Across all the entries below, count each line that holds "small" and report the figure only.

════════════════

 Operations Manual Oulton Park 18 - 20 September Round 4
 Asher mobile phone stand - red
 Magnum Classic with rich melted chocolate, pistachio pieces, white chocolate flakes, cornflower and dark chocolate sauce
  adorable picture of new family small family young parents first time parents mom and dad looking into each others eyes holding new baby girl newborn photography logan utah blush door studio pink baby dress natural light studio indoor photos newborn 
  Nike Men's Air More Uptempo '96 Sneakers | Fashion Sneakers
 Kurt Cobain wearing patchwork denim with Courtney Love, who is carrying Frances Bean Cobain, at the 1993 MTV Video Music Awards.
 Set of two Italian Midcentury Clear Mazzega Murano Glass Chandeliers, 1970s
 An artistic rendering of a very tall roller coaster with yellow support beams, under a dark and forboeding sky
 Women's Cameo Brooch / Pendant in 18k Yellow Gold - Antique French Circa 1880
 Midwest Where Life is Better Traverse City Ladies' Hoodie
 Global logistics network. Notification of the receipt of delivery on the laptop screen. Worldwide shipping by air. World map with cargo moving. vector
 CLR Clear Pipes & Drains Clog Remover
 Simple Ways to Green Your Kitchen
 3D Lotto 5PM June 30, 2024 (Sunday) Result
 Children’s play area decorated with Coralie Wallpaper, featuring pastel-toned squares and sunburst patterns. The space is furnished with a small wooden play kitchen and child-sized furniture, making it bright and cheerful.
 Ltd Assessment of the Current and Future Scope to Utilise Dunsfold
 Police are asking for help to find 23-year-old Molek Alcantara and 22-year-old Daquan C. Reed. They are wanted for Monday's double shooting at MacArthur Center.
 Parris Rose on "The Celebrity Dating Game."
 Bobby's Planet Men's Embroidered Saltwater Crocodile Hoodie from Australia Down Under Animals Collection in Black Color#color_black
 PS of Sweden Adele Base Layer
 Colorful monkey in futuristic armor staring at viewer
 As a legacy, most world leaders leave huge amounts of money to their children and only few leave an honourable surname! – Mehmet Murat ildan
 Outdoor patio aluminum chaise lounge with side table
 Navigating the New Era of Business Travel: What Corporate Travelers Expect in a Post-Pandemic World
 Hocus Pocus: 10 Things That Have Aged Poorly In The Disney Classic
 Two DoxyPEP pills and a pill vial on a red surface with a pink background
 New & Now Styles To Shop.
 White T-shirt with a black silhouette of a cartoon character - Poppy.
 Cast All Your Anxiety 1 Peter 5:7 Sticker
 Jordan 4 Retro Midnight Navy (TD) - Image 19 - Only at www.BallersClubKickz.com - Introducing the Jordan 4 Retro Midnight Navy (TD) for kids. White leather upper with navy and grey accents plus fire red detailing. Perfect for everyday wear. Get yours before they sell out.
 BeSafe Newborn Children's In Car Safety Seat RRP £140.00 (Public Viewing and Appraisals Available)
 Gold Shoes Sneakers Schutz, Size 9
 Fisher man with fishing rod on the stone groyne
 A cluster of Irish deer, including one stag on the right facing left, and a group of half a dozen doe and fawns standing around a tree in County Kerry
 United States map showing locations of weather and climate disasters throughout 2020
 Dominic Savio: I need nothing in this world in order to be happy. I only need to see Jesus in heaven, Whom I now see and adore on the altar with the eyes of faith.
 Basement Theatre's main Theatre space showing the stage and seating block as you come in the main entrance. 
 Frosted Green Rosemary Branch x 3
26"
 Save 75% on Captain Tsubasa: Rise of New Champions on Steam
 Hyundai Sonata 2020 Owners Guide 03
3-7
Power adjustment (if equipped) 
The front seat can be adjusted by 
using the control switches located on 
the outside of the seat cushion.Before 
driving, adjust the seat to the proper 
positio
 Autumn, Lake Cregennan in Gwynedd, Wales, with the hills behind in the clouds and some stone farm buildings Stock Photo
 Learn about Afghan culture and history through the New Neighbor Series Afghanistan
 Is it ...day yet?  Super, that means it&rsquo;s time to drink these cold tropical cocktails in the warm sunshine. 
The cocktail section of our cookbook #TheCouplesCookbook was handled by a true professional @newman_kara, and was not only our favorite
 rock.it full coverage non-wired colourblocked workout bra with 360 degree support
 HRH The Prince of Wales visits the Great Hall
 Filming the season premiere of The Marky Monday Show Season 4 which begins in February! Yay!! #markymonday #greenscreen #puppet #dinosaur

════════════════

Solution to this task » 2